# Solved: Help with Event ID 4625



## bradly

Hi Network Pros!

I am having a problem finding out why I keep getting this error from a user/laptop logging in to Terminal Services:

__________
Network Information:
Workstation Name:	HPDV6575-01
Source Network Address:	fe80::1fb:87af:4864:d6a8
Source Port: 49182
Detailed Authentication Information:
Logon Process: NtLmSsp 
Authentication Package:	NTLM
Transited Services:	-
Package Name (NTLM only):	-
Key Length: 0
_____________

Usually I get these errors and the Source Network Address is an IP address. When I follow up with it, the user put in the wrong password. However, this Source Network Address is confusing me, and the user is not even logged in, or trying to log in.

Can anyone help? Any ideas?

Thanks in advance!
Brad


----------



## Elvandil

Do you know which machine that the IP fe80::1fb:87af:4864:d6a8 is assigned to?

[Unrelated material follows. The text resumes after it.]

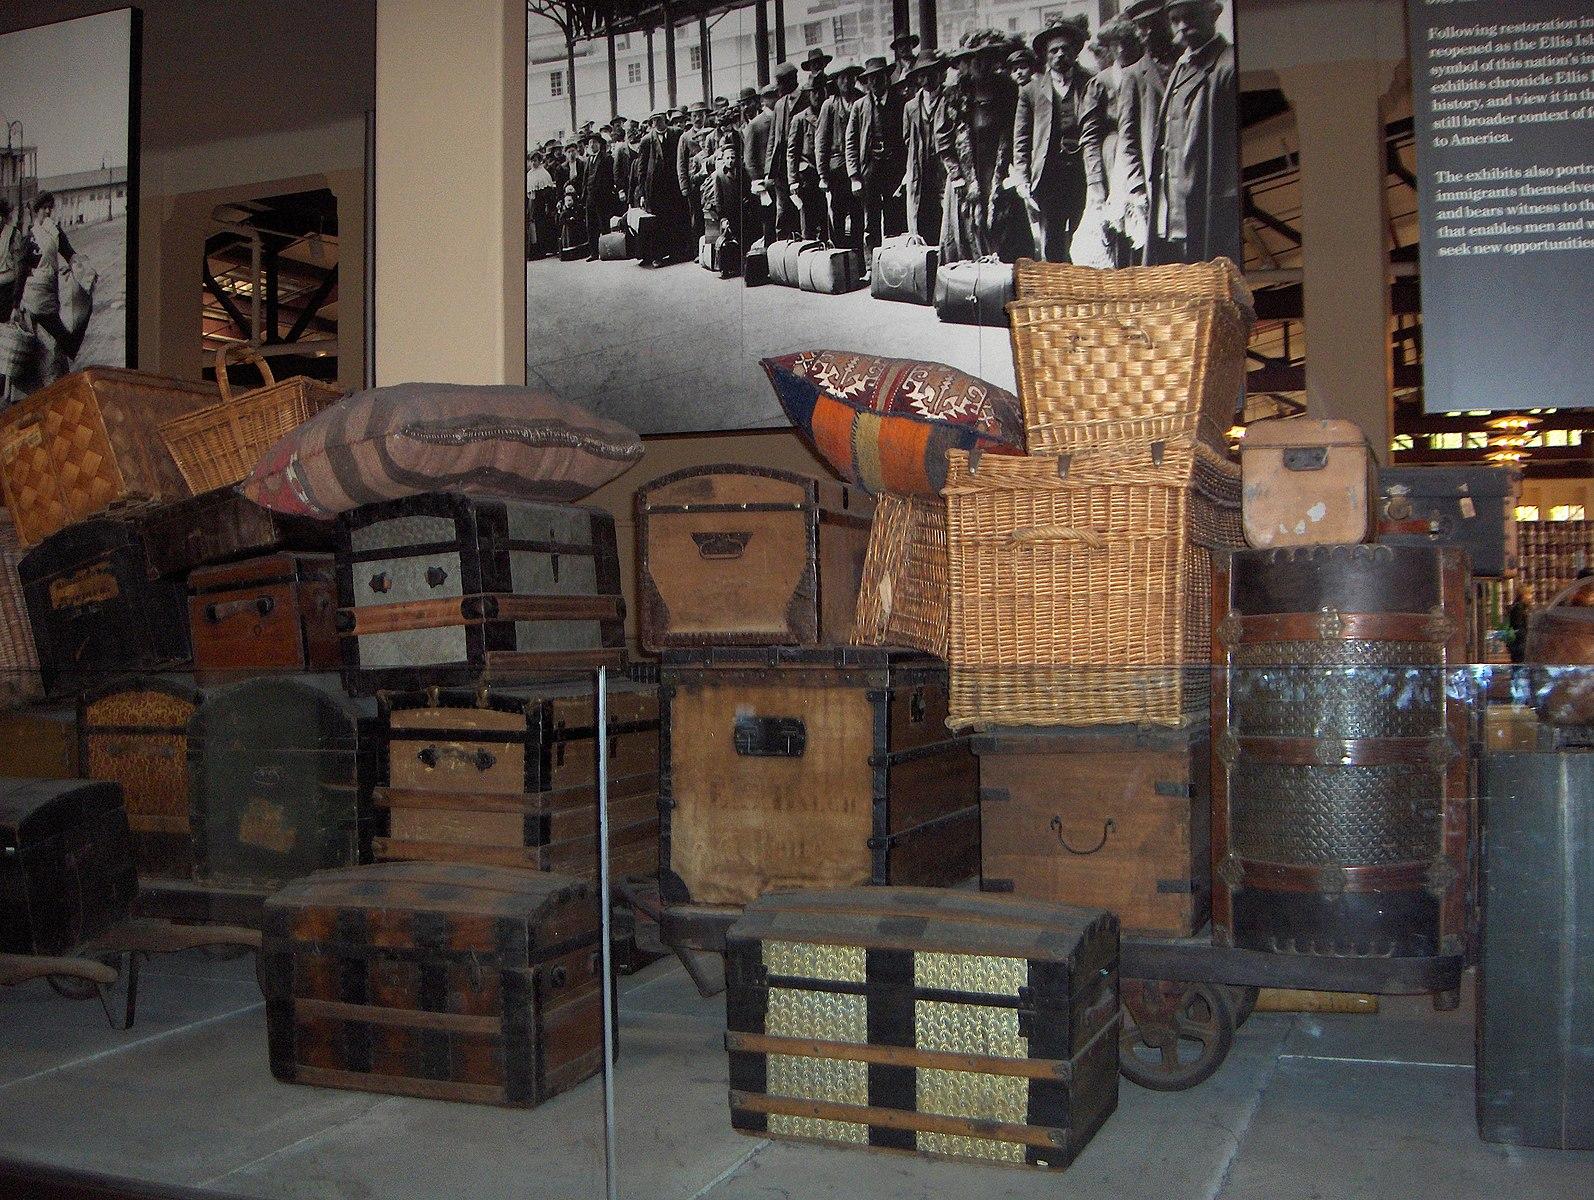 Baggage room, ellis island

If you do, check to see what is accessing port 49182. Or simply disable IPv6 if you never use it.


----------



## bradly

Ahhh, thanks Elvandil! I didn't even think of IPv6, and the fact that it's IP addresses are way different. I will just disable IPv6 on that machine (it's one of very few machines that have Vista).

Cheers!


----------



## Elvandil

bradly said:


> Ahhh, thanks Elvandil! I didn't even think of IPv6, and the fact that it's IP addresses are way different. I will just disable IPv6 on that machine (it's one of very few machines that have Vista).
> 
> Cheers!


It will certainly be a while before we can read those things with any facility. But we'll get used to them sooner or later.


----------